If an organization which is training its own models and releasing products with them is still only "AI-Augmented", what does "AI-Driven" mean? An AI-Driven organization is one which:

  1. Derives its core competitive advantage from the use of AI
  2. Derives a majority of its product's user experience from AI technologies

To be successful, an AI-Driven organization needs to:

  1. Treat high quality and ongoing data acquisition as a core strategic priority
  2. Streamline the org chart to allow the rapid and iterative productionalization of models through integrated teams across data science, engineering and product.
  3. Arrange team priorities and OKRs to prioritize cooperation in support of the data science.
  4. Build the tightest feedback loops possible between product usage and retraining of models
  5. Build iterative processes to enable rapid model releases and experimentation

The difference carries through every layer of the organization. In the case of AI-Driven, the organization doesn't just use AI, it is built entirely around it.

Most enterprises will not make the transition to "Core AI" because they still live in a world where data and teams are highly siloed, usually because their data has been produced as exhaust from existing processes or to serve specific organizational goals along the course of the company's development. Even businesses which are currently "data-driven" (they have successfully unified their data warehouse and have functions which derive insights and predictive value from it) have a large gap to cross in order to rearrange their processes to treat data as the first class citizen rather than a byproduct.

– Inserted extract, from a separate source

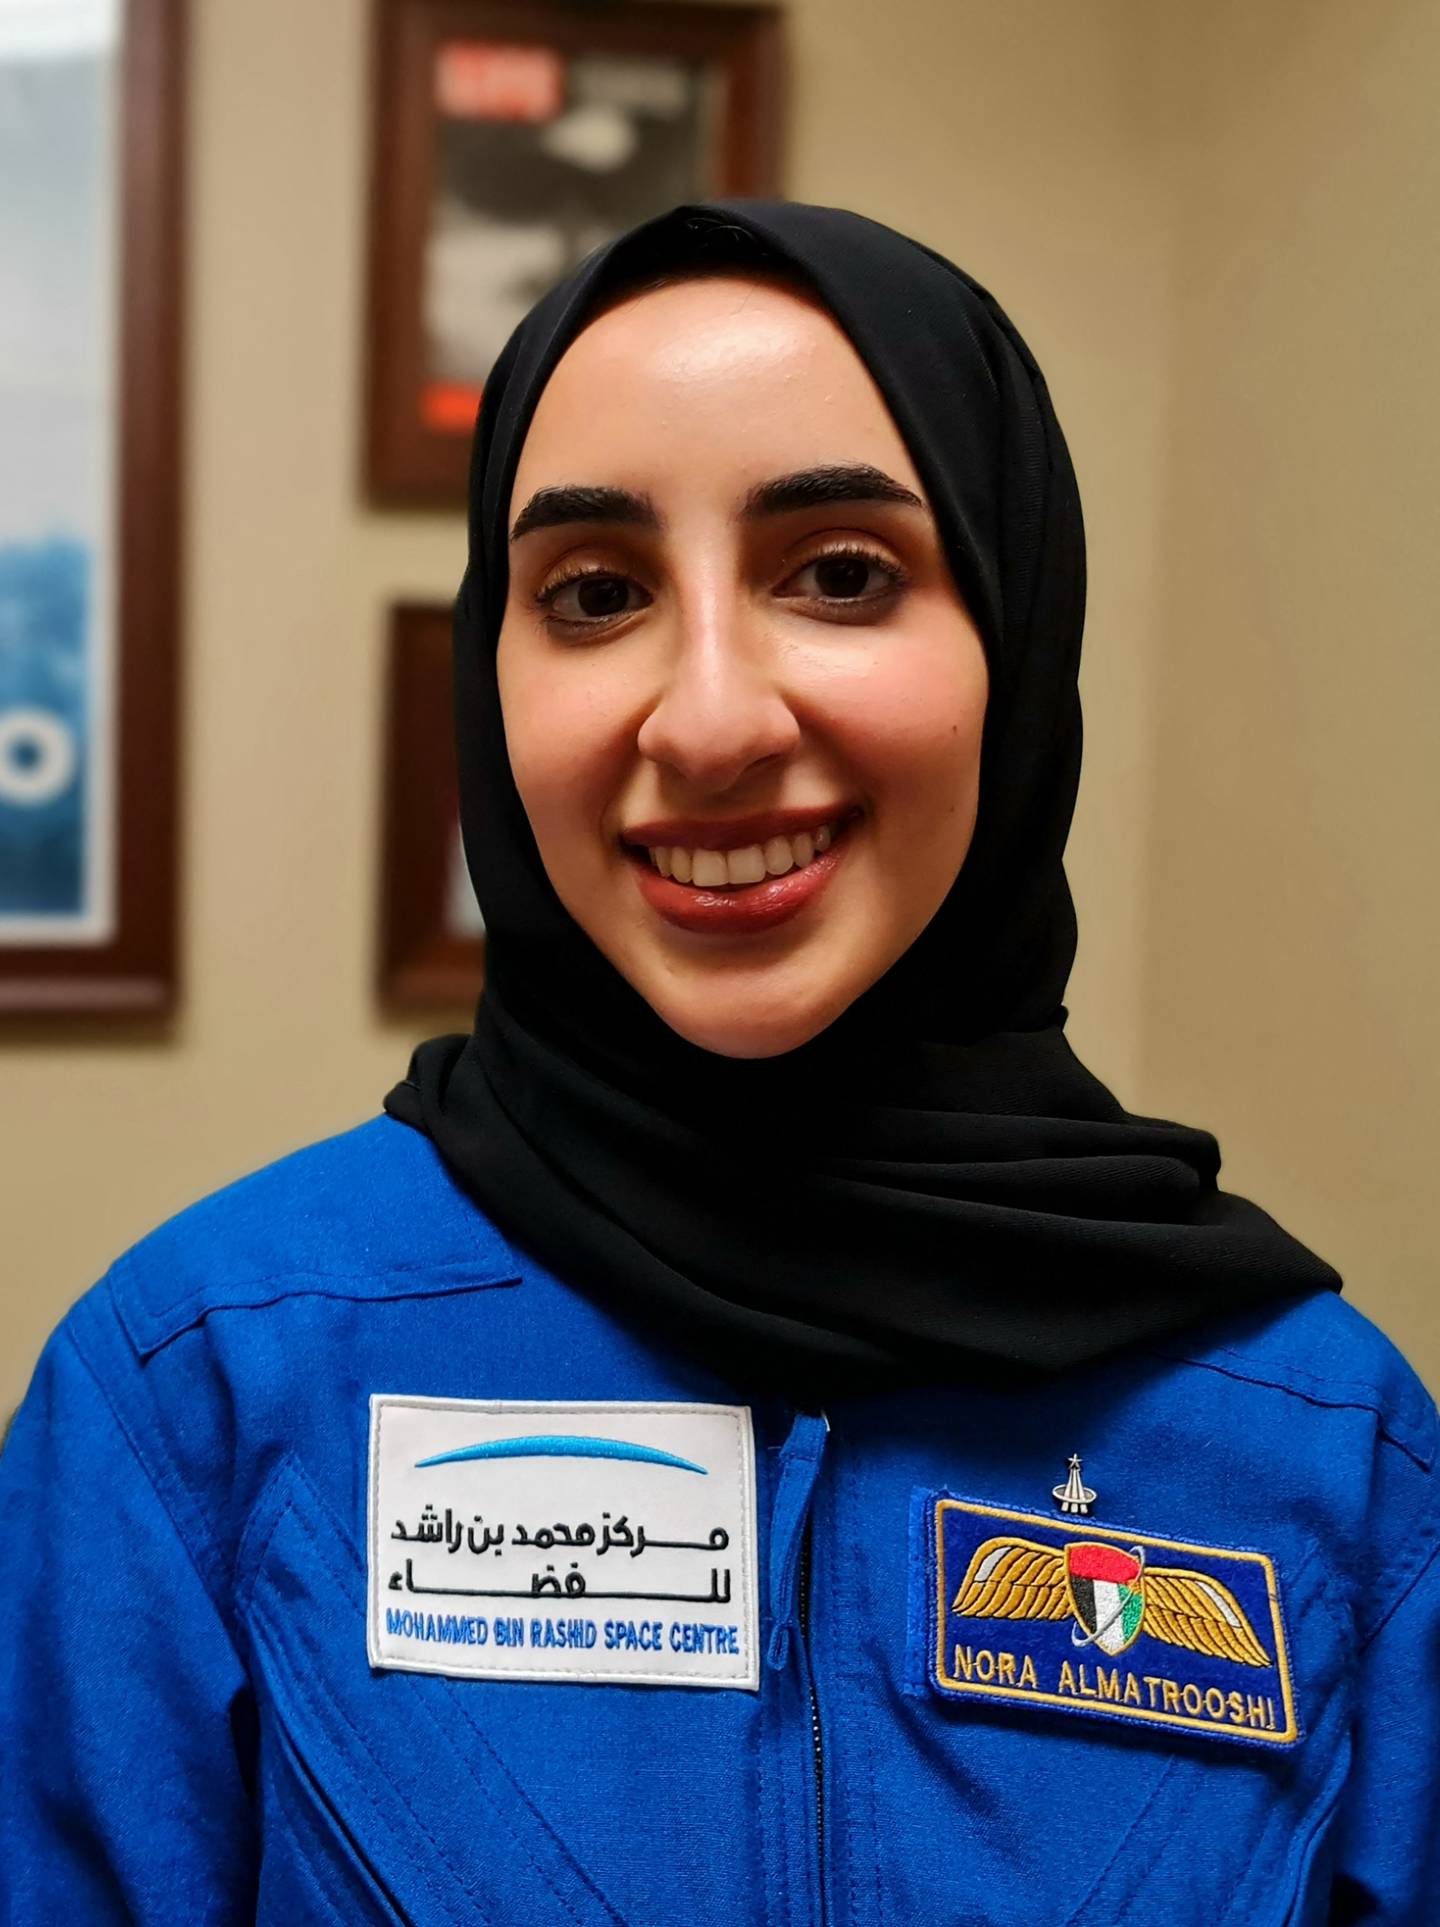 Nora Almatrooshi, la primera mujer astronauta de los Emiratos Árabes Unidos graduada de la NASA.
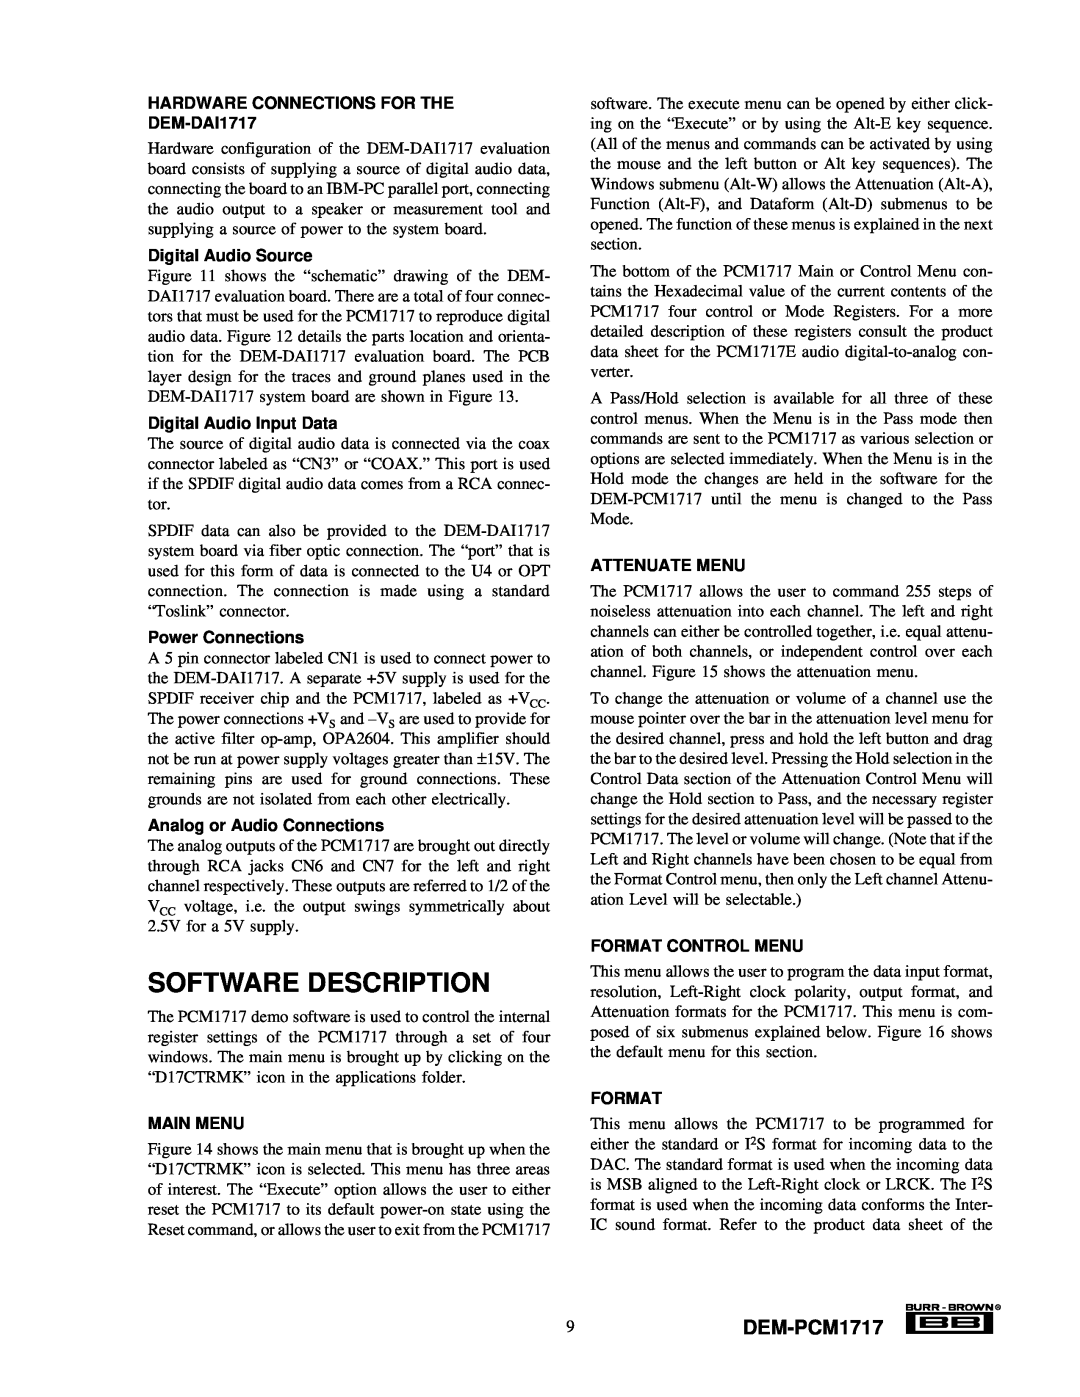 Texas Instruments Software Description, 9DEM-PCM1717, HARDWARE CONNECTIONS FOR THE DEM-DAI1717, Digital Audio Source

A Core AI company, on the other hand, is wrapped around the central data pipeline and every function is designed to improve the efficiency and quality of this pipeline. An example is Clara Labs, which creates an email-based meeting scheduling assistant powered by AI. Their entire company structure is built around improving the ongoing quality of their annotations and cycling feedback on the quality of their results back into the model and worker training functions. The first question they ask is "how can we change our processes to improve the quality of our data?" rather than "how can we get better data from our existing processes?"

Core AI companies are those who drive the forefront of the AI Revolution. They are the ones who will benefit from the Virtuous Cycle of AI Products and who often build the products that support AI Assisted companies. They know that their competitive advantage is derived from the quality of their research and technical talent and invest accordingly to support them with great tooling, infrastructure and data.

Closing Thoughts

Every company trying to raise money or sound good in the press will claim to be "AI-Driven" in some way but the metrics above should help separate the wheat from the chaff. It's important to get the optics right but it's even more important that executives and leaders don't conflate what it means for their organizations to be in one category versus another because it can lead to overspending, poor execution or, ultimately, disruption at the hands of startups with much more clarity and focus.